**WHAT TO DO:**
Would you repeat the listing exactly but omit every picture?

**GIVEN MATERIAL:**
________________

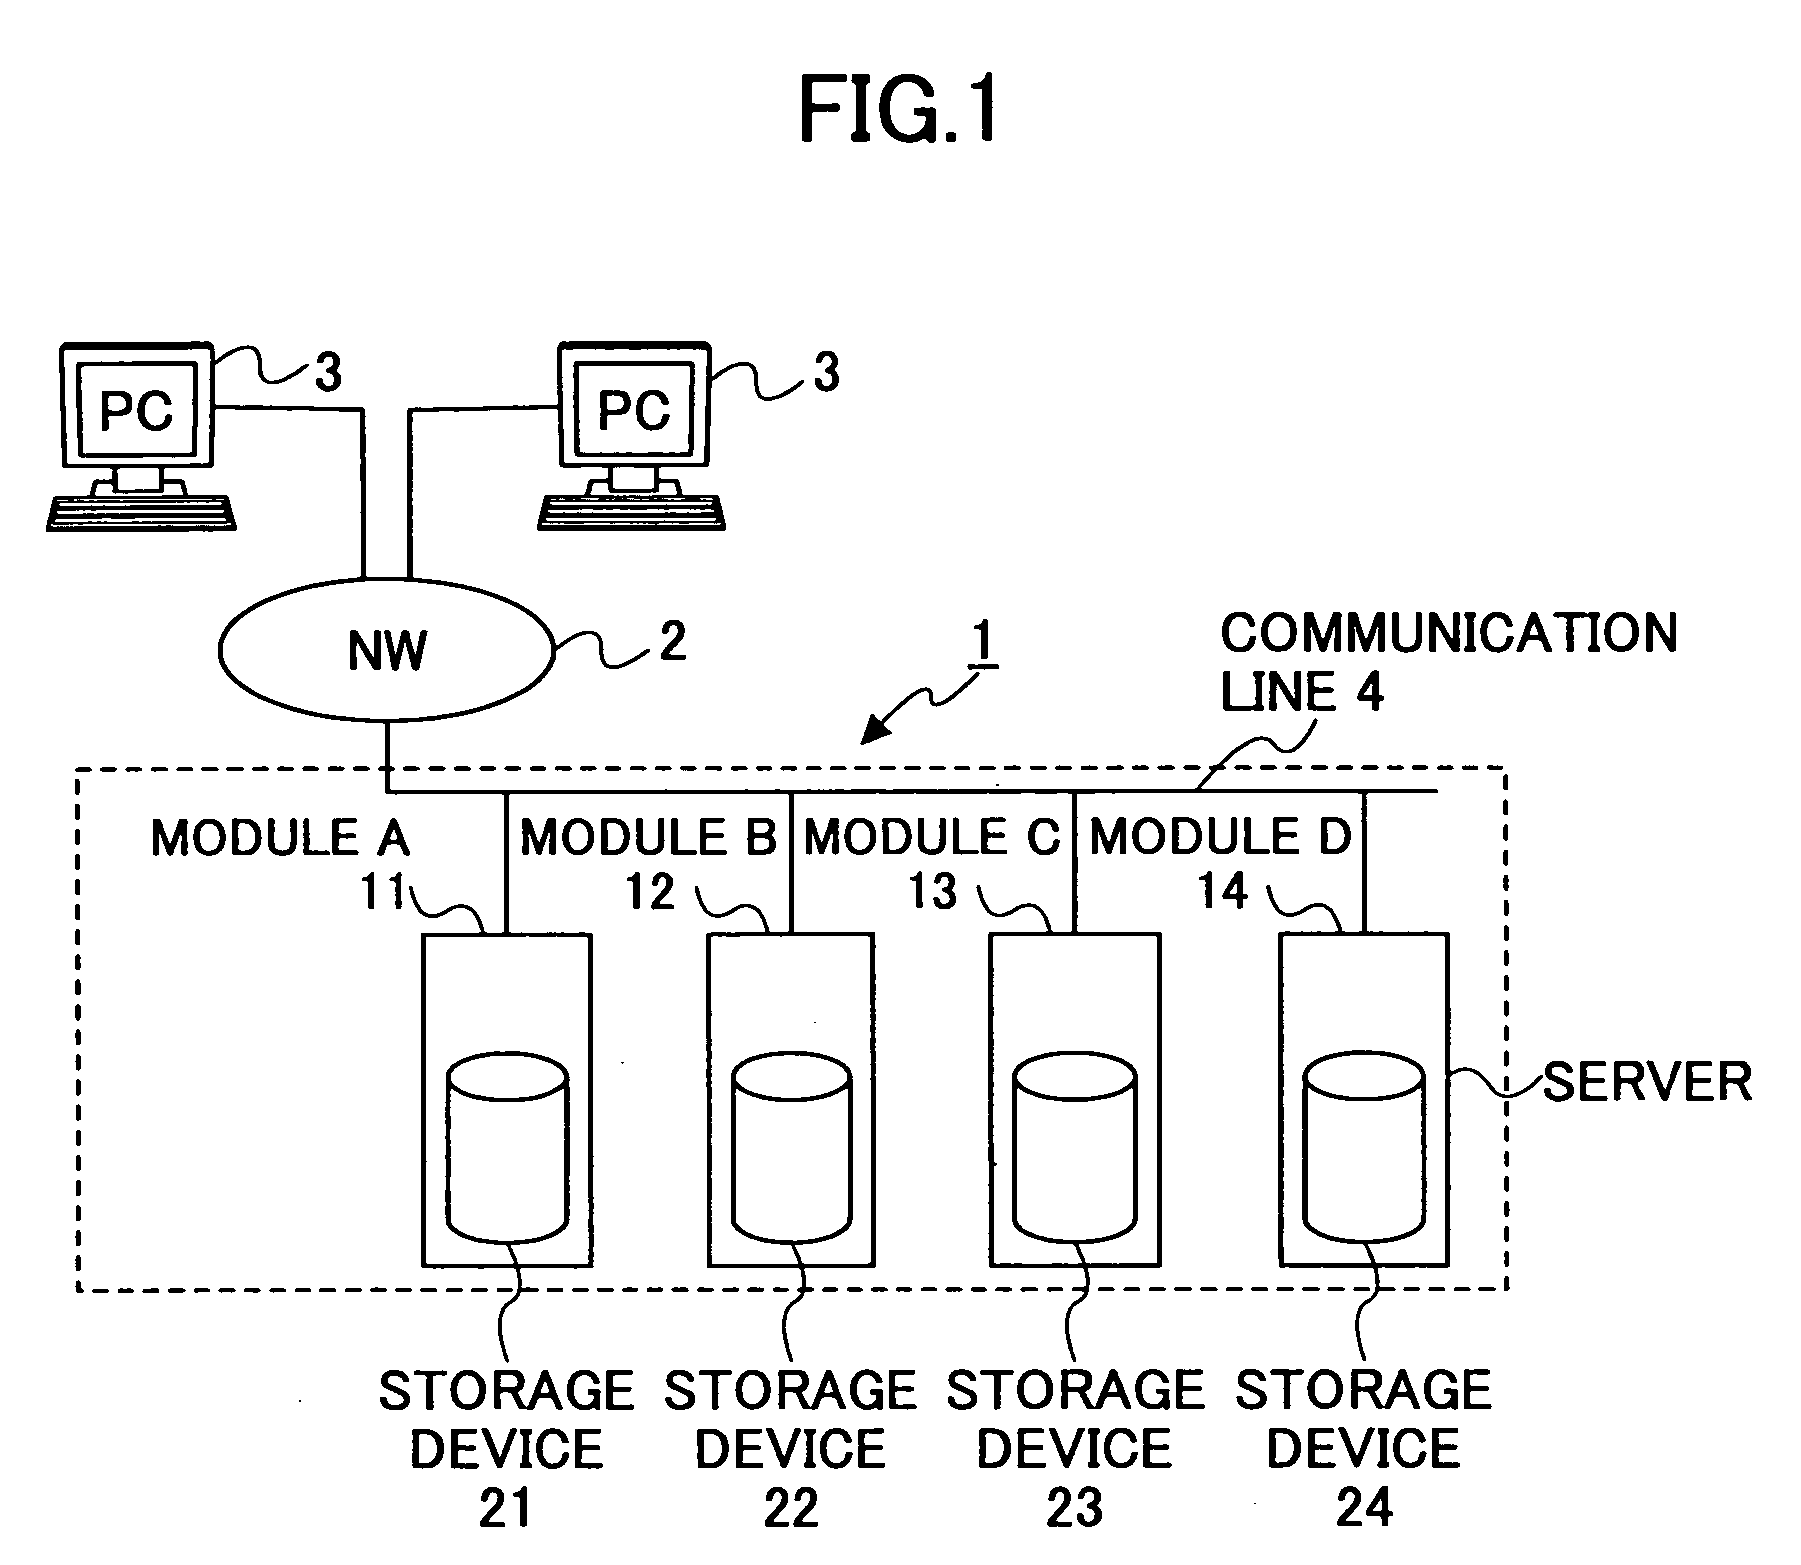 Storage system
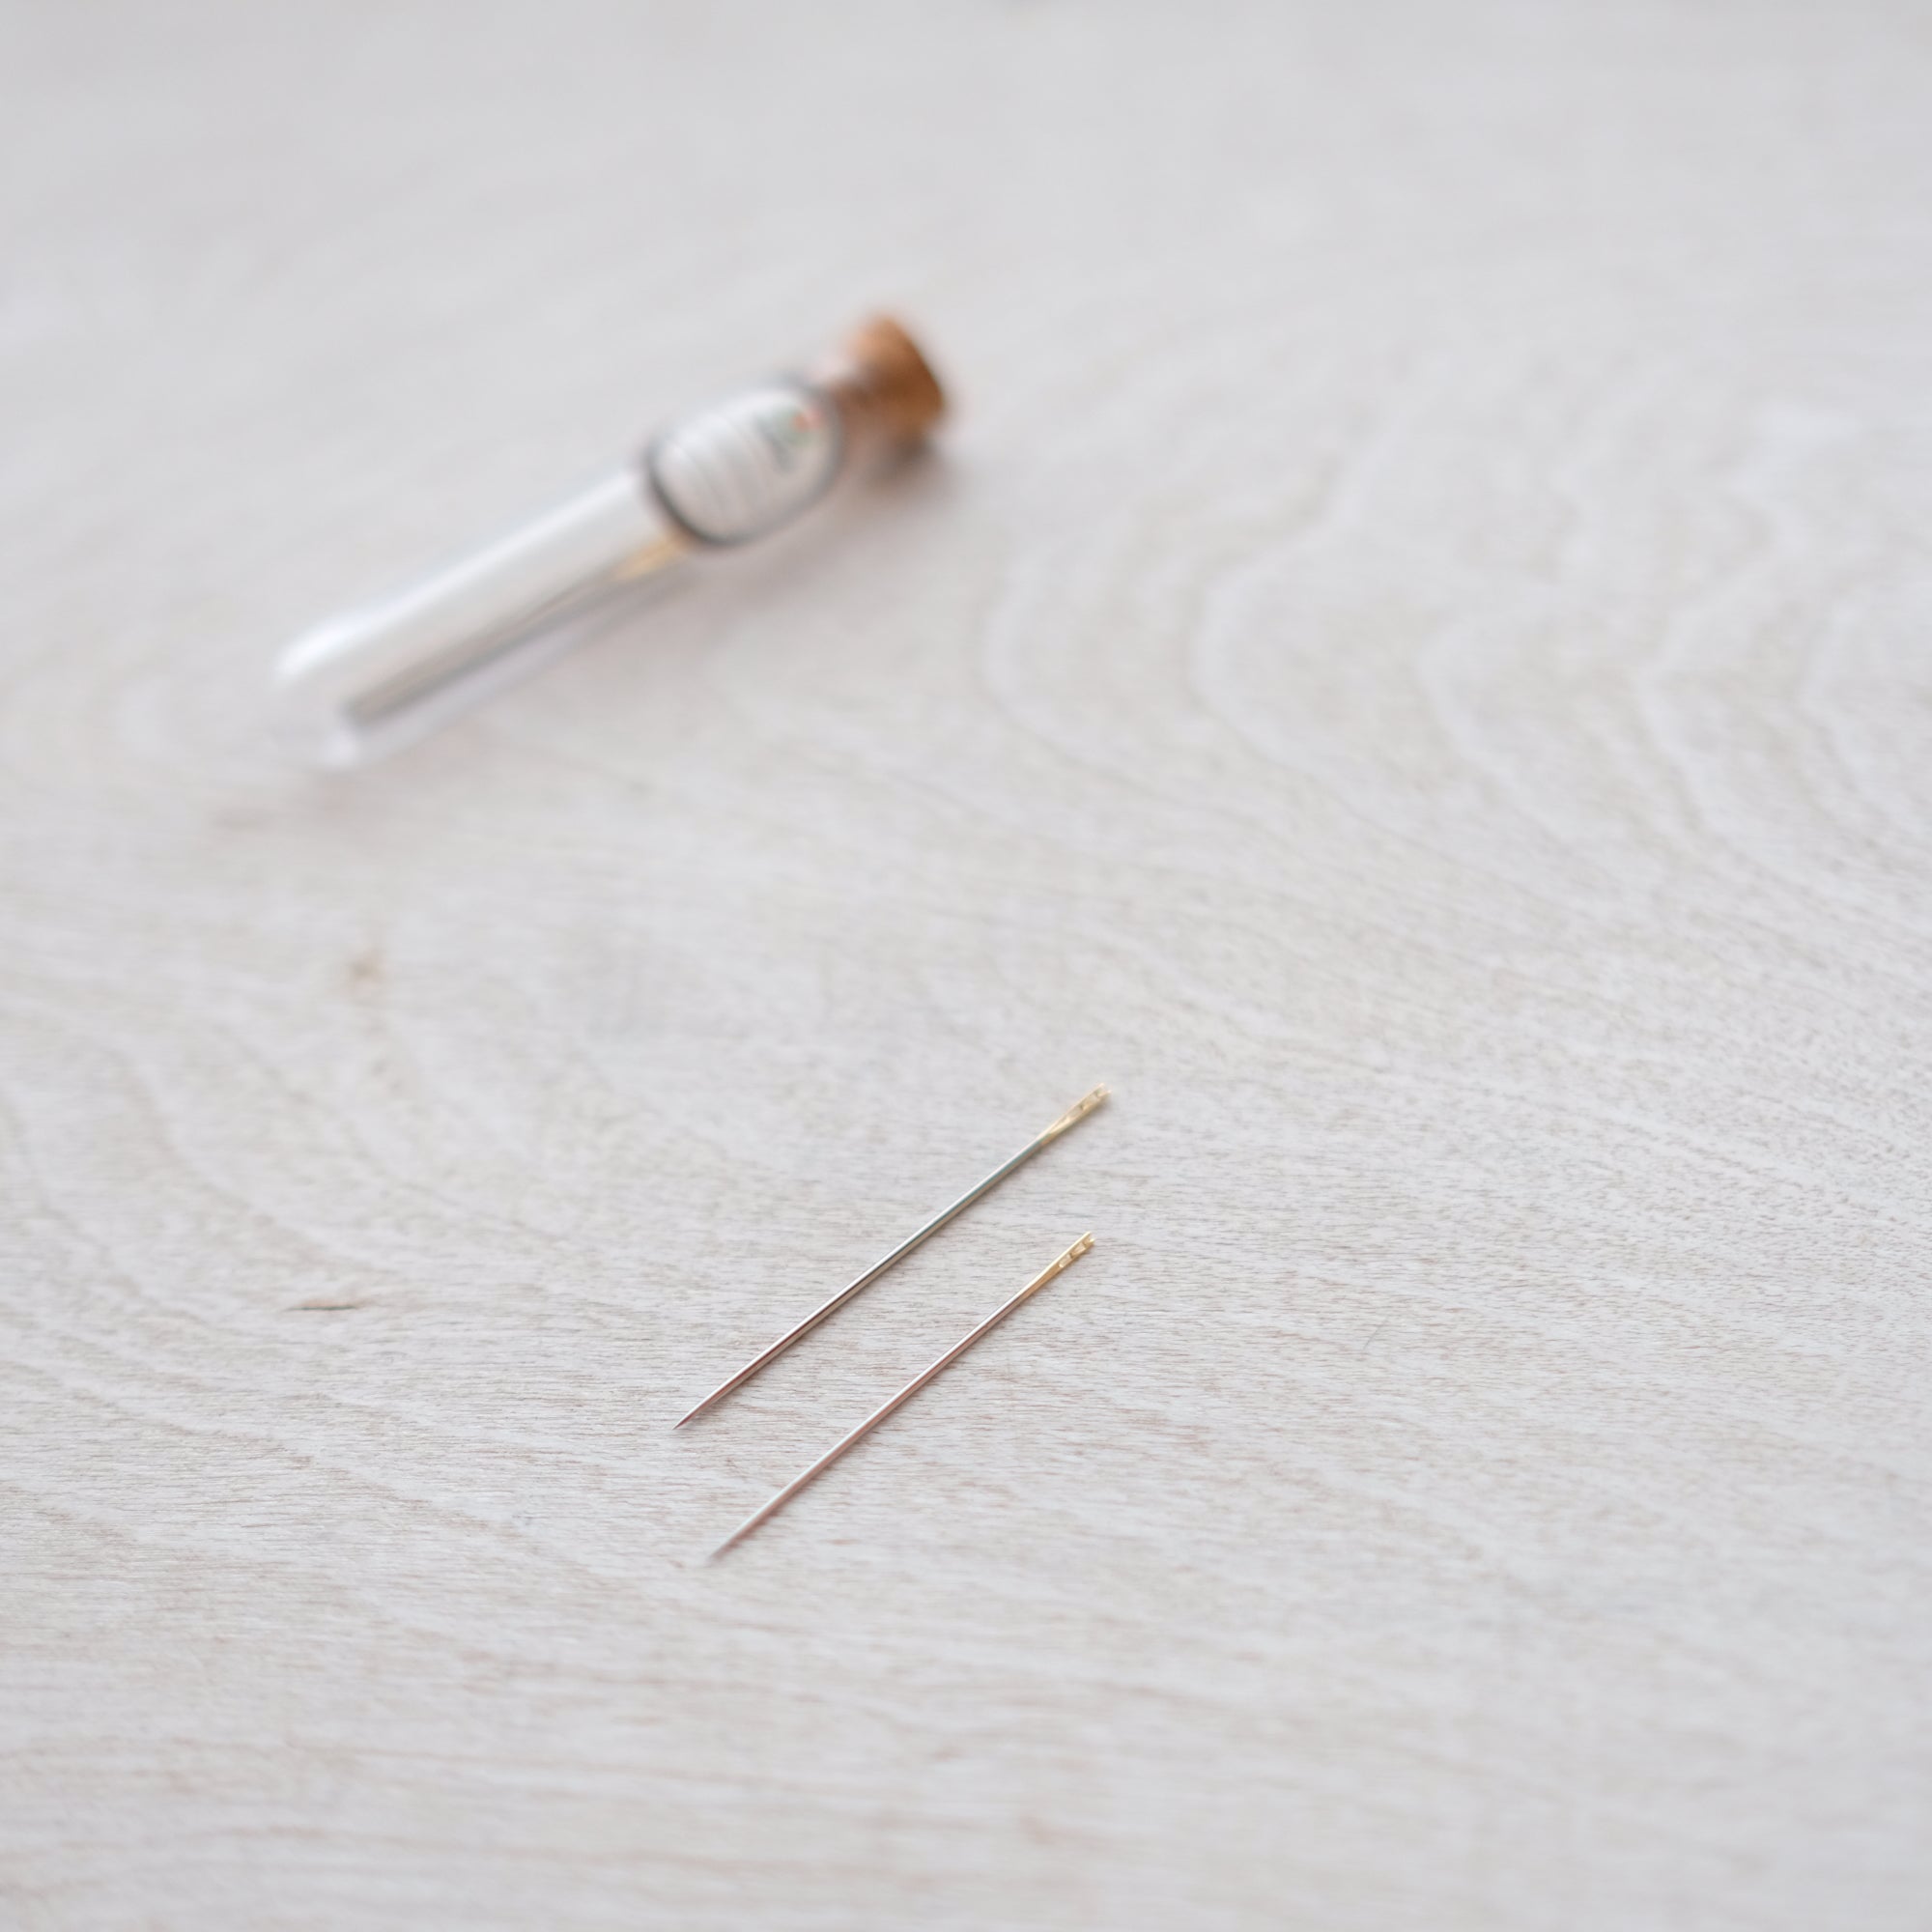 Label: Easy Thread Needles - Assorted
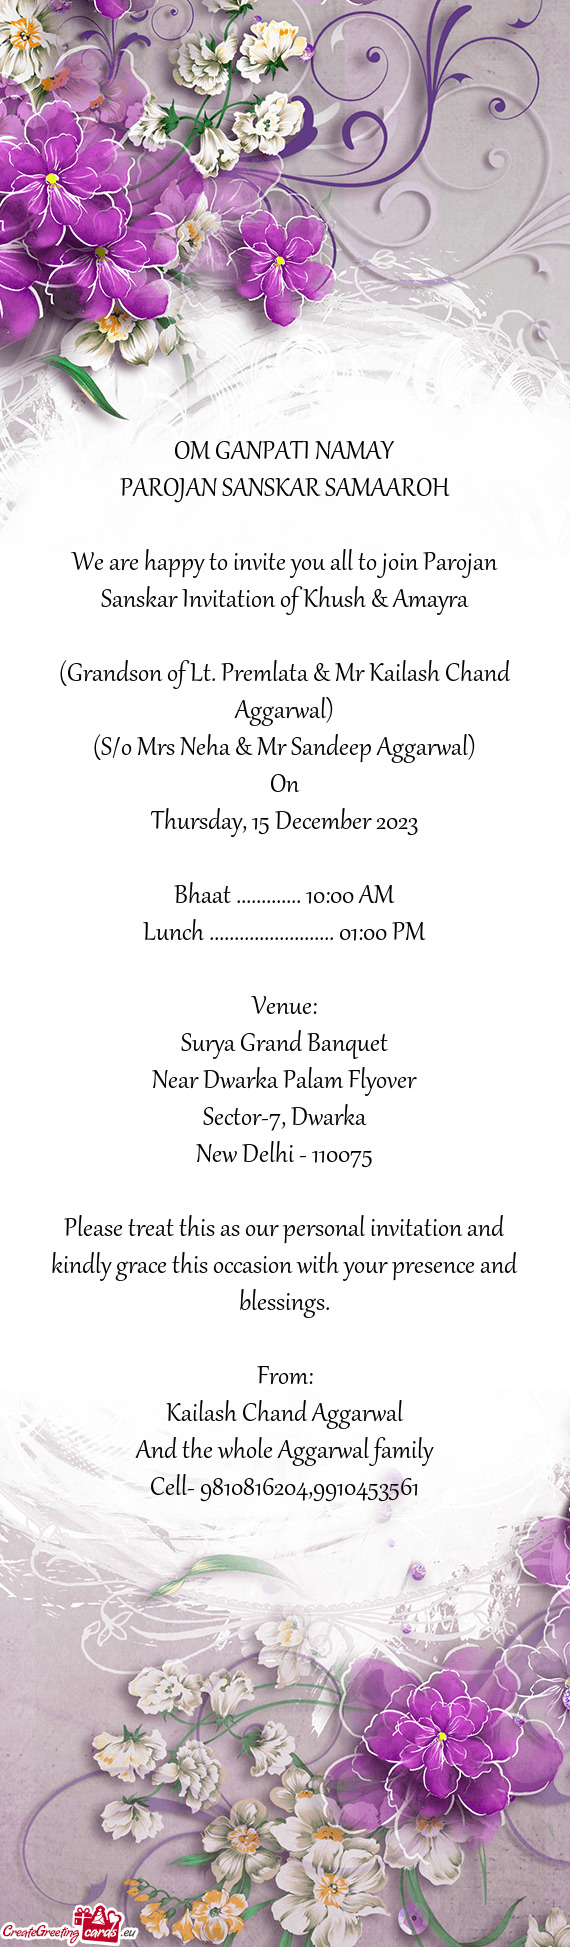 We are happy to invite you all to join Parojan Sanskar Invitation of Khush & Amayra

________________

**EXPECTED OUTPUT:**
 Storage system
 Label: Easy Thread Needles - Assorted
 We are happy to invite you all to join Parojan Sanskar Invitation of Khush & Amayra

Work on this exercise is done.